MONDAY, Sept. 24 (HealthDay News) -- Approximately 44.4 million U.S. adults receive a preventive health exam each year at a total cost to the health care system of almost $8 billion, despite the fact that major clinical organizations do not recommend them, according to research published in the Archives of Internal Medicine on Sept. 24.

Abstract
Full Text (subscription or payment may be required)

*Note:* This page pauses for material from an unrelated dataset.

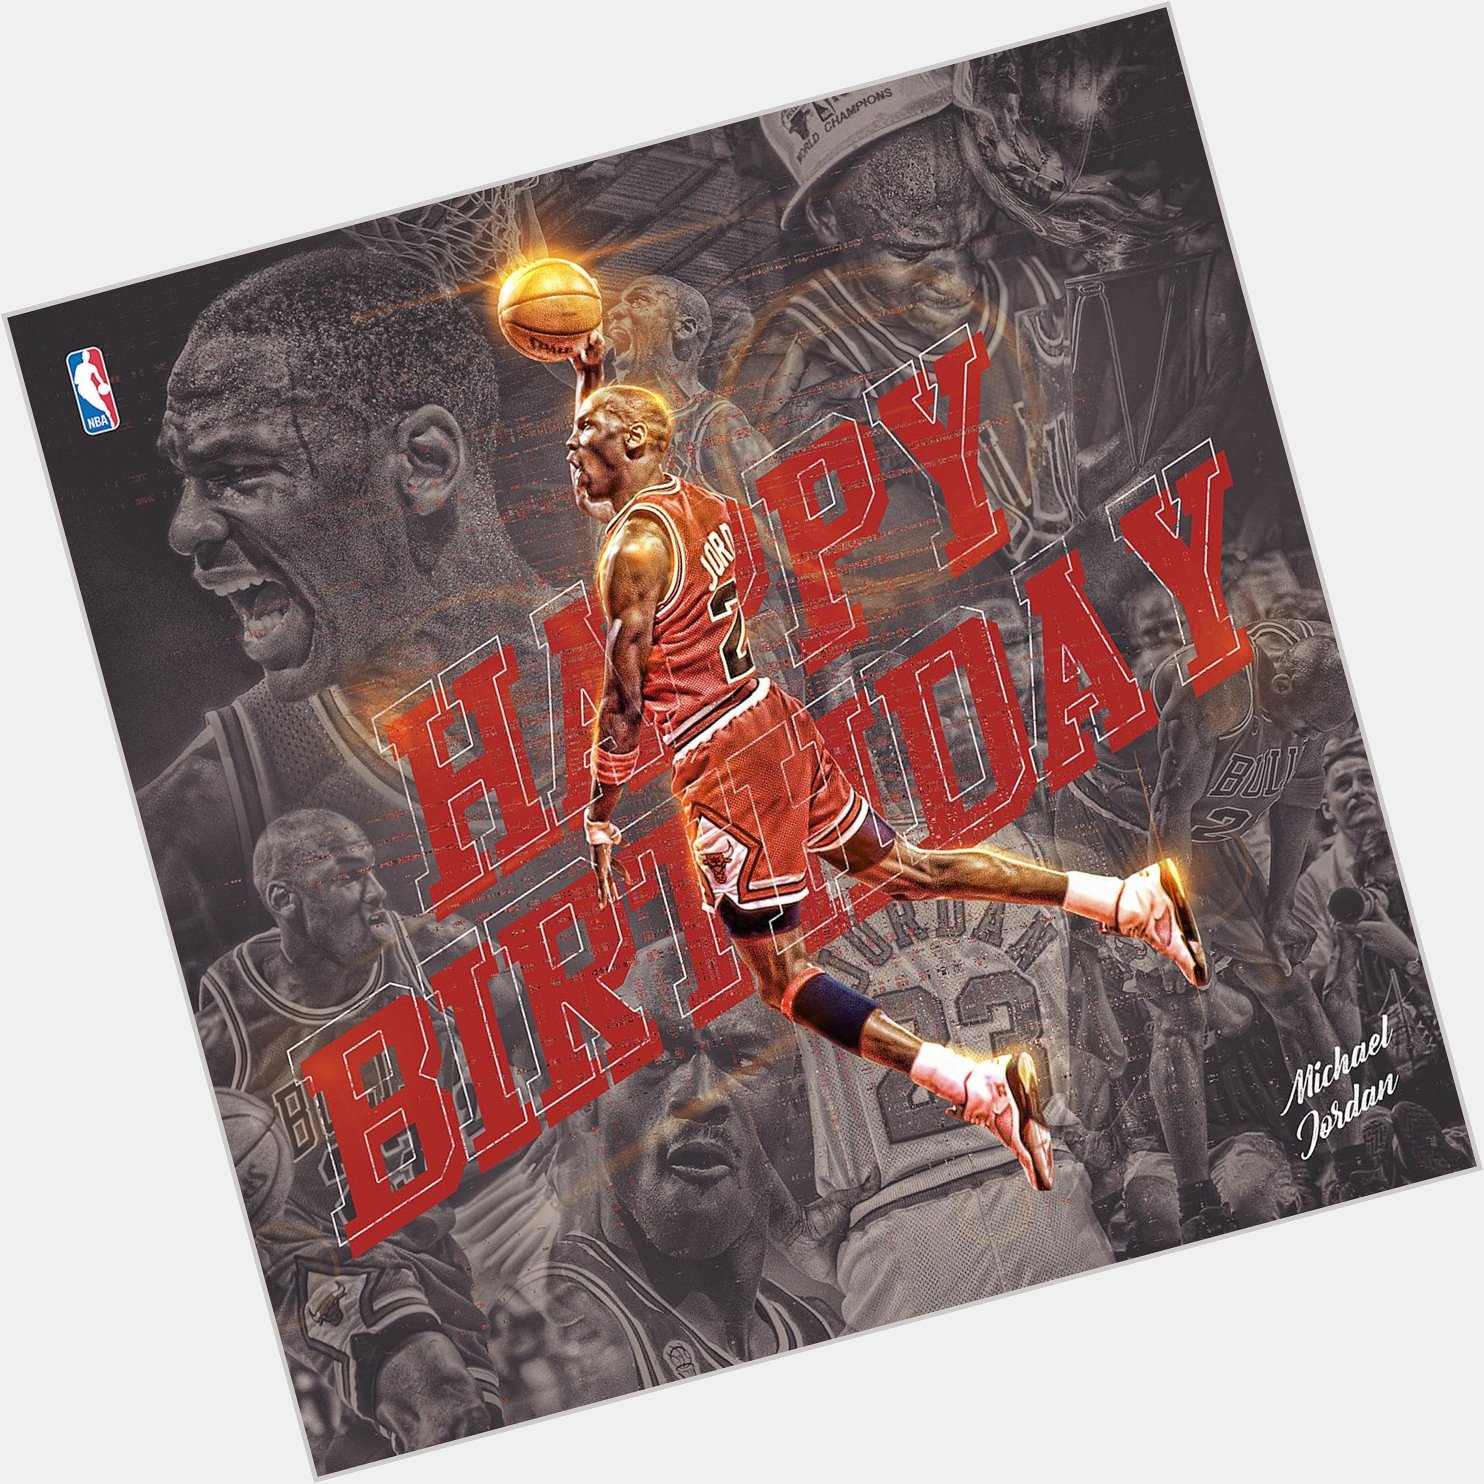 Happy 54th birthday to the great Michael Jordan.

FDA Approves Rapid Test for Platelet Contamination

THURSDAY, Sept. 20 (HealthDay News) -- The U.S. Food and Drug Administration has approved a disposable test strip that can be used in hospitals to detect bacterial contamination of blood platelets prior to transfusions. The Platelet Pan Genera Detection Test System is made by Verax Biomedica Inc. of Worcester, Mass., and can be used to retest platelets shortly before use.

More Information

FDA Clears Genetic Test for Warfarin Sensitivity

THURSDAY, Sept. 20 (HealthDay News) -- The U.S. Food and Drug Administration has cleared a new genetic test for determining a patient's sensitivity to warfarin (Coumadin). The Nanosphere Verigene Warfarin Metabolism Nucleic Acid Test detects variants of two genes, CYP2C9 and VKORC1, which have been shown to account for some of the variation in response to the drug.

More Information

FDA Approves FluMist for Use in 2- to 5-Year-Olds

WEDNESDAY, Sept. 19 (HealthDay News) -- The U.S. Food and Drug Administration has approved the FluMist intranasal influenza vaccine for children ages 2 to 5. The vaccine should not be given to any patient with asthma or children under 5 with wheezing as it may increase the risk of wheeze.

More Information - FDA

Nocturnal Hemodialysis Improves Cardiac Health

WEDNESDAY, Sept. 19 (HealthDay News) -- Dialysis patients randomized to receive hemodialysis six nights a week experienced improvements in left ventricular mass, blood pressure and select measures of quality of life compared to those undergoing conventional hemodialysis, researchers report in the Sept. 19 issue of the Journal of the American Medical Association.

Abstract
Full Text
Editorial

Apolipoprotein E2 Linked to Favorable Cardiac Profile

TUESDAY, Sept. 18 (HealthDay News) -- Apolipoprotein E (apoE) genotypes correlate linearly with low-density lipoprotein cholesterol (LDL-C) levels and coronary risk, and the e2 genotype is associated with the lowest cardiovascular risk, according to the results of a large meta-analysis in the Sept. 19 issue of the Journal of the American Medical Association.

Abstract
Full Text (subscription or payment may be required)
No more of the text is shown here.